Power Estimation for Stepped Wedge Analysis
Sample size and power were estimated for the stepped-wedge cluster design using simulation under a Hussey-Hughes mixed effects logistic model. With facility totals of 1899—Mbita (n=758), Ogongo (n=294), Ndhiwa (n=598), and Pala (n=249), assuming baseline missed-appointment proportion (p0) of 20% (0.20) and 5 periods, the study has ~80% power to detect an intervention effect (missed visits) corresponding to an odds ratio of 0.75, assuming intracluster correlation coefficient=0.02 (α=.05). Sensitivity analyses indicated that power remained ≥70% for odds ratios of 0.80 and intracluster correlation coefficient values up to 0.05 and exceeded 90% for odds ratios of ≤0.70, supporting the robustness of the proposed sample size.

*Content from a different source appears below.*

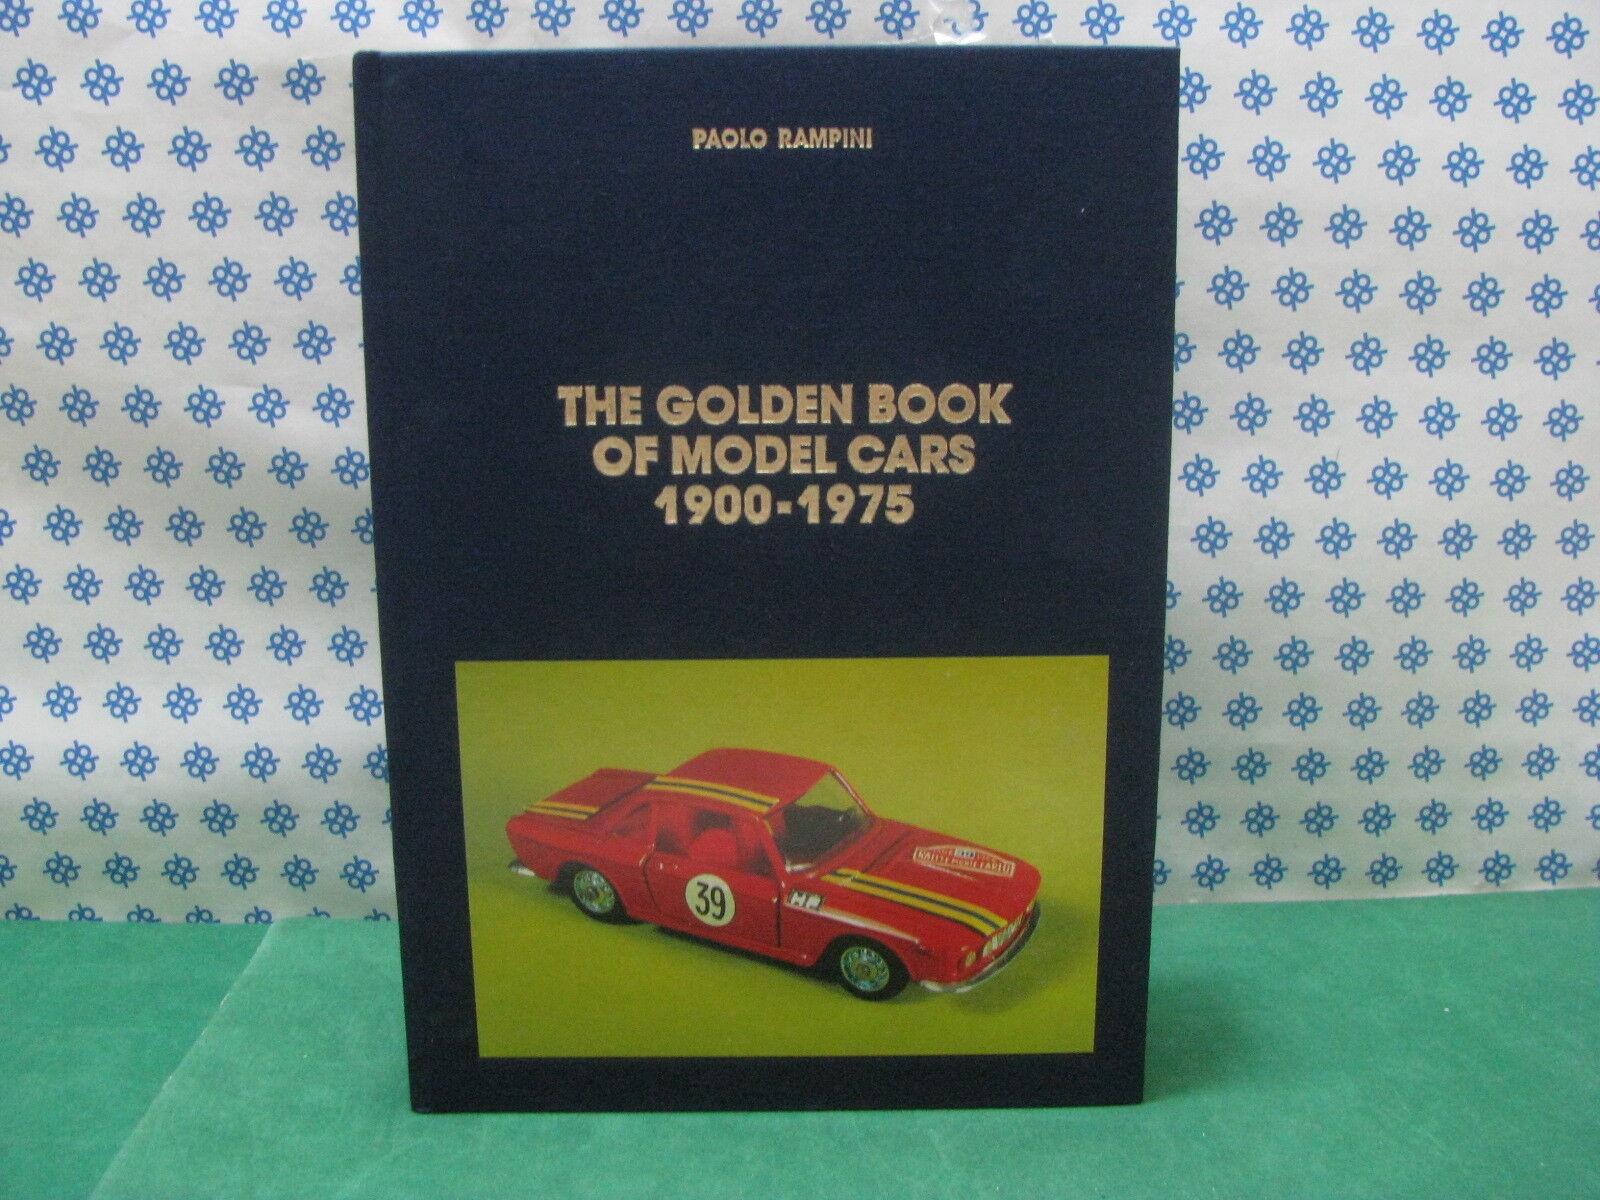 THE goldEN BOOK OF MODEL CARS  , 800  pagine , formato 21x29,7 Rampini Editore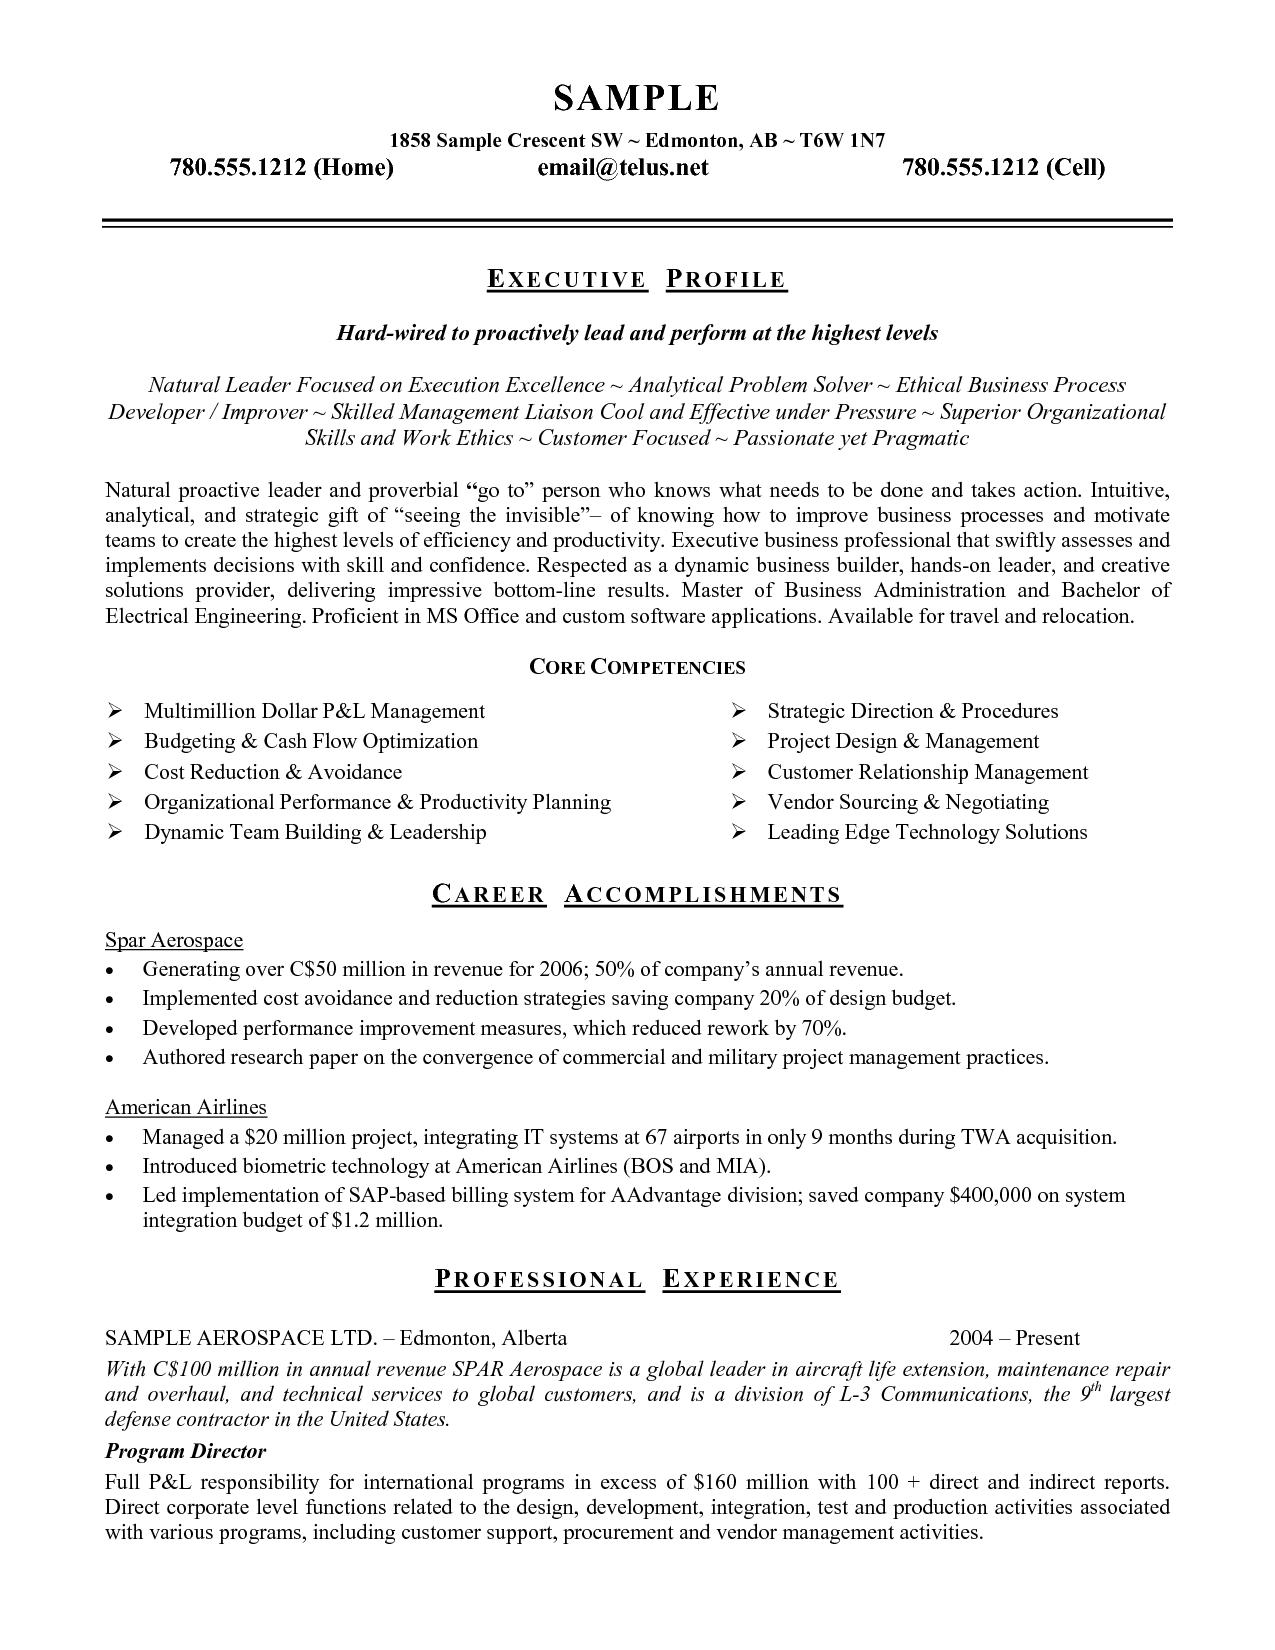 resume header in microsoft word

Pre- and Postassessment of Implementation Outcomes
Participants and Recruitment
The primary study population will comprise men who initiated HIV care and treatment in 2016 or later, following the updated national HIV treatment guidelines. Eligible participants must be between 18 and 55 years of age, own a smartphone or tablet, and be able and willing to provide written informed consent (Multimedia Appendix 1). Men with severe comorbidities or chronic coinfections (eg, cancer or hypertension) that may affect the adoption or use of mHealth interventions will be excluded. Only men who are primarily enrolled at 1 of the 4 participating facilities during the study period will be included. Participant recruitment in each CCC will proceed according to probability proportional to size sampling until the required sample size of 347 participants is reached. Recruitment will occur during routine clinic visits in each facility before the stepped-wedge rollout of Nishauri. Trained study staff or peer educators will introduce the study to clients, provide study information, and collect contact information from those expressing interest. Screening for eligibility will take place in private, either in a clinic or at a location convenient and confidential for the participant. Those who are eligible and interested will then undergo written informed consent.
Quantitative Data Collection and Storage
Quantitative data will be collected at baseline, at 8-month follow-up, and via the Nishauri app data. At baseline, potential participants will be screened for eligibility. Eligible participants will provide written informed consent and locator information before undergoing a short baseline survey lasting approximately 40 minutes. The survey includes validated and pilot-tested modules on sociodemographics, technology acceptance, HIV-related stigma, health literacy, masculinity norms, the System Usability Scale, and intervention acceptability. The survey will be administered electronically using tablets with the REDCap (Research Electronic Data Capture) platform, hosted by the San Francisco Coordinating Center. Data will be collected by trained research assistants (RAs), who were locally recruited and had prior experience in health or social science research. RAs have backgrounds in public health or related disciplines; are fluent in English, Kiswahili, and Dholuo; and will receive study-specific training on the study protocol, ethical conduct of research, informed consent, and standardized data collection procedures prior to data collection. RAs will perform daily quality checks on all forms to identify and resolve errors prior to secure upload to REDCap servers. These servers are firewall-protected, regularly backed up, and housed in a secure environment.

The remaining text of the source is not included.